I ran down the stairs, calling his name, but he paid me no heed as he stalked out. By the time I reached the doorway, he had disappeared into the deepening shadows of the night and houses in my neighbourhood. It did not matter, however, for I knew where he was going. I did not understand nearly enough of what he had said: that Mother had stolen Fiona’s body, that she had killed Henry, that she
had hired a Surgeon . . .
it was ridiculous. We were family. She would not do this. She
could
not. Mother had not been able to lift herself out of her wheelchair for nearly two years and was dependent on servants to prepare her food. But Jonas believed that she was at the Academy of Surgeons and, logically, that was where he was going. I quickly pulled on a shirt and boots and, avoiding the sight of my brother, left the house in pursuit.
I caught a carriage to the Academy and sat in the back, my hands twisted into one lump of flesh, and my pulse refusing to slow even when the sharp towers appeared before me.

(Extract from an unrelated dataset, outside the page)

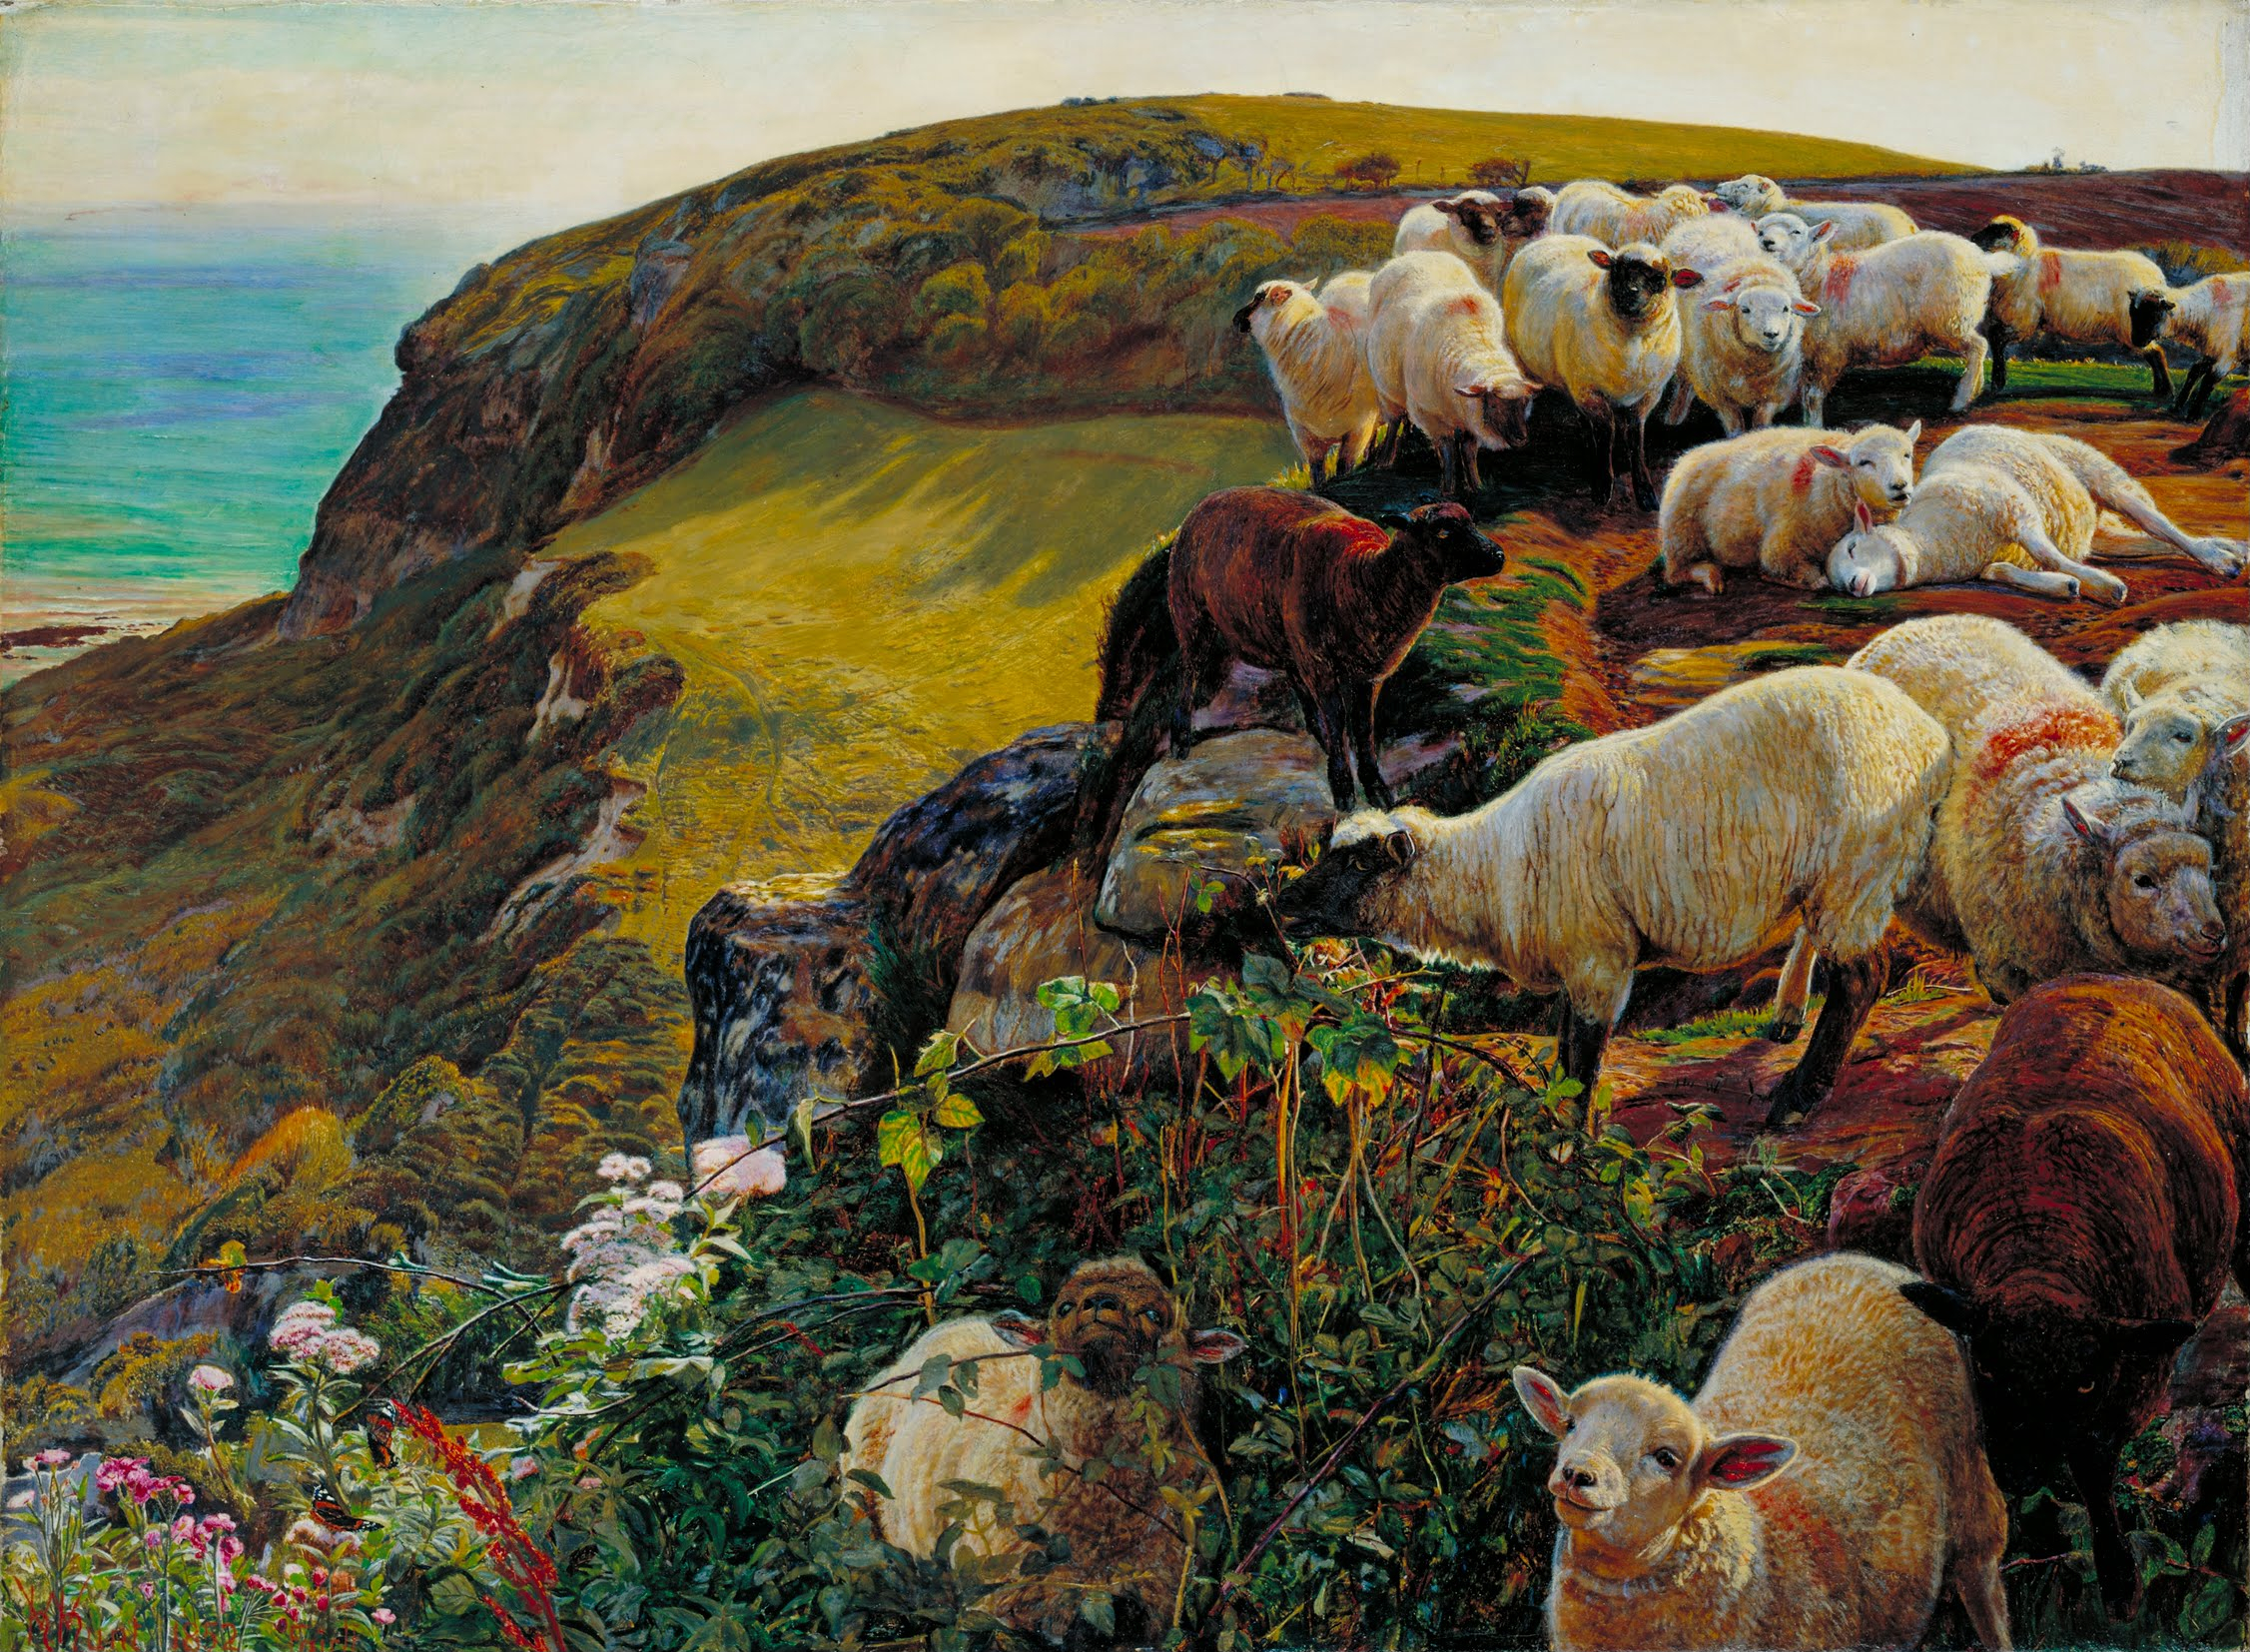 Naše anglická pobřeží, 1852 ('Zbloudilé ovce') by William Holman Hunt - 1852 - 58,4 x 43,2 cm

While not the geographical centre of Ledornn, the Academy of Surgeons had been known as the heart of the city for hundreds of years. A designed, built, and cared for heart. It had begun as an institution where Surgeons were trained and returns were performed, but in the years since its initial opening it had expanded in both size and concept. Returns were still handled on the campus, but its expanding dark bricked form had sprawled into yellow pavements and courses on math and science and disease as well as others. Henry had attended the three years of his apprenticeship within its walls, a mark of prestige for even Mother.
Henry
. . .
I stepped out of the carriage outside the Academy’s bronze gates. It was closed, but in the centre was a silver crest of two galloping horses. On the left was an open gate that led me onto the hard red-brown stones of the campus, my footsteps echoing in the empty, stained night.
As I drew closer to the main building, my approach was smothered by sounds of boots hitting the ground, of grunts, and unclear words. The centre of the campus was dominated by a large building shaped like an obelisk and scattered with bright yellow lights across its form like weeping sores. It was in the light of that building that I saw three men fighting across the pavement. The first was Jonas, and he moved with a quick fluidity, ducking beneath attacks from two clean skinned men holding blunt nightsticks. I slowed as I approached, but my arrival caused the two men fighting Jonas to pause and, using that, Jonas drove his fist into the head of the man to his right. He stumbled, and Jonas kicked his feet out from under him. The second man hit Jonas across the side of the face.
There followed, suddenly—as if it were the physical manifestation of Jonas’ rage—a glint. Then the man that had hit him stumbled backwards, clutching at his throat, trying to stop blood that was spraying from his neck. Once he had fallen, Jonas walked back to the second man and stomped viciously on his head until he went limp.